+++ Given data

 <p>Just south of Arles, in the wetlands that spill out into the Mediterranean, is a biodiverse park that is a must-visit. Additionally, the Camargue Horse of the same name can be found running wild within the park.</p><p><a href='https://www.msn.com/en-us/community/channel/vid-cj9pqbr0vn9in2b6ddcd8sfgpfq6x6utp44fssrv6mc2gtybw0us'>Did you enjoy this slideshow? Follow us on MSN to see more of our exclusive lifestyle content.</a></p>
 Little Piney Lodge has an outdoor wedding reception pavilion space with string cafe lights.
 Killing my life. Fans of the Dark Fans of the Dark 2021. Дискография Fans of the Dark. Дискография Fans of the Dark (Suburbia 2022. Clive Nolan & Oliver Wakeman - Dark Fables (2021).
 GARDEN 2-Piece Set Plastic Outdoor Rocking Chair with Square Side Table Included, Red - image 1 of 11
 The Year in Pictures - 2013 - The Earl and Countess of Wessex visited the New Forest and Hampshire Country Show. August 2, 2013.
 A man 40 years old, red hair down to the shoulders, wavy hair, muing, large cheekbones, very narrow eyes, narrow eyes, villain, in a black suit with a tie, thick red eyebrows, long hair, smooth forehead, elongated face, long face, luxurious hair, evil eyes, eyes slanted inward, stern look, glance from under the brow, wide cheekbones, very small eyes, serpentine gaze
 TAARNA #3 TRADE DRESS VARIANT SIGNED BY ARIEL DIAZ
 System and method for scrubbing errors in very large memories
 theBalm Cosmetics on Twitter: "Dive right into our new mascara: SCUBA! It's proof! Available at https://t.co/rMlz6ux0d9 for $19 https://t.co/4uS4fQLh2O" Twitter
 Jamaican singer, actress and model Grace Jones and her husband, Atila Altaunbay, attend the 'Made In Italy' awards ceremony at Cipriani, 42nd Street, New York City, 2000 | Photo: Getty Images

++++++

To do
Starting with the first line of the data above, copy each line exactly until you reach the line with "GARDEN 2-Piece Set"; include that line as well.

Exercise solution
 <p>Just south of Arles, in the wetlands that spill out into the Mediterranean, is a biodiverse park that is a must-visit. Additionally, the Camargue Horse of the same name can be found running wild within the park.</p><p><a href='https://www.msn.com/en-us/community/channel/vid-cj9pqbr0vn9in2b6ddcd8sfgpfq6x6utp44fssrv6mc2gtybw0us'>Did you enjoy this slideshow? Follow us on MSN to see more of our exclusive lifestyle content.</a></p>
 Little Piney Lodge has an outdoor wedding reception pavilion space with string cafe lights.
 Killing my life. Fans of the Dark Fans of the Dark 2021. Дискография Fans of the Dark. Дискография Fans of the Dark (Suburbia 2022. Clive Nolan & Oliver Wakeman - Dark Fables (2021).
 GARDEN 2-Piece Set Plastic Outdoor Rocking Chair with Square Side Table Included, Red - image 1 of 11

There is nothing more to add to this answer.